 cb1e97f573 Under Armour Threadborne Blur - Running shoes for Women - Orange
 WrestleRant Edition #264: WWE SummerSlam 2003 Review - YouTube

▬▬▬

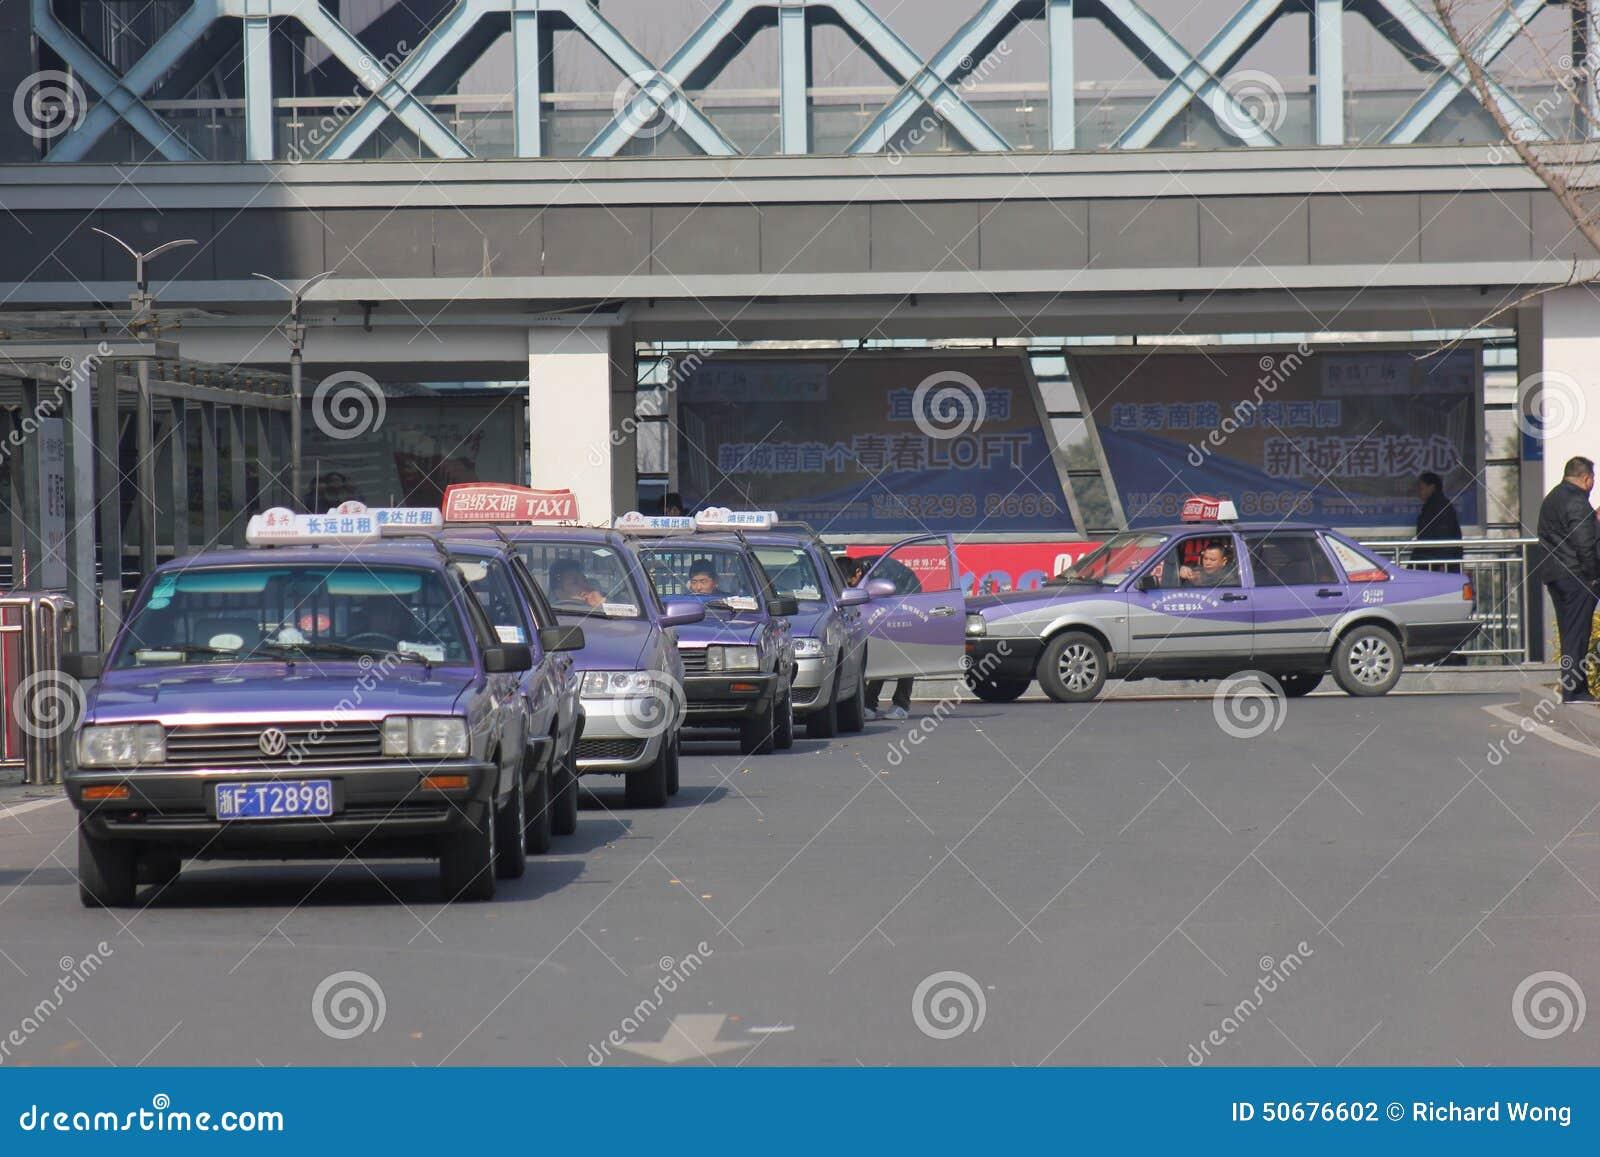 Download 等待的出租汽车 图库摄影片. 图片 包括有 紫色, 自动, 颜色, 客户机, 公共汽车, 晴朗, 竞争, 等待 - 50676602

▬▬▬

Keeping every character as it is, restate the lines above that run from the line with "cb1e97f573 Under Armour" through the line with "WrestleRant Edition #264: WWE", both included, and nothing else.

_TASK OUTPUT_
 cb1e97f573 Under Armour Threadborne Blur - Running shoes for Women - Orange
 WrestleRant Edition #264: WWE SummerSlam 2003 Review - YouTube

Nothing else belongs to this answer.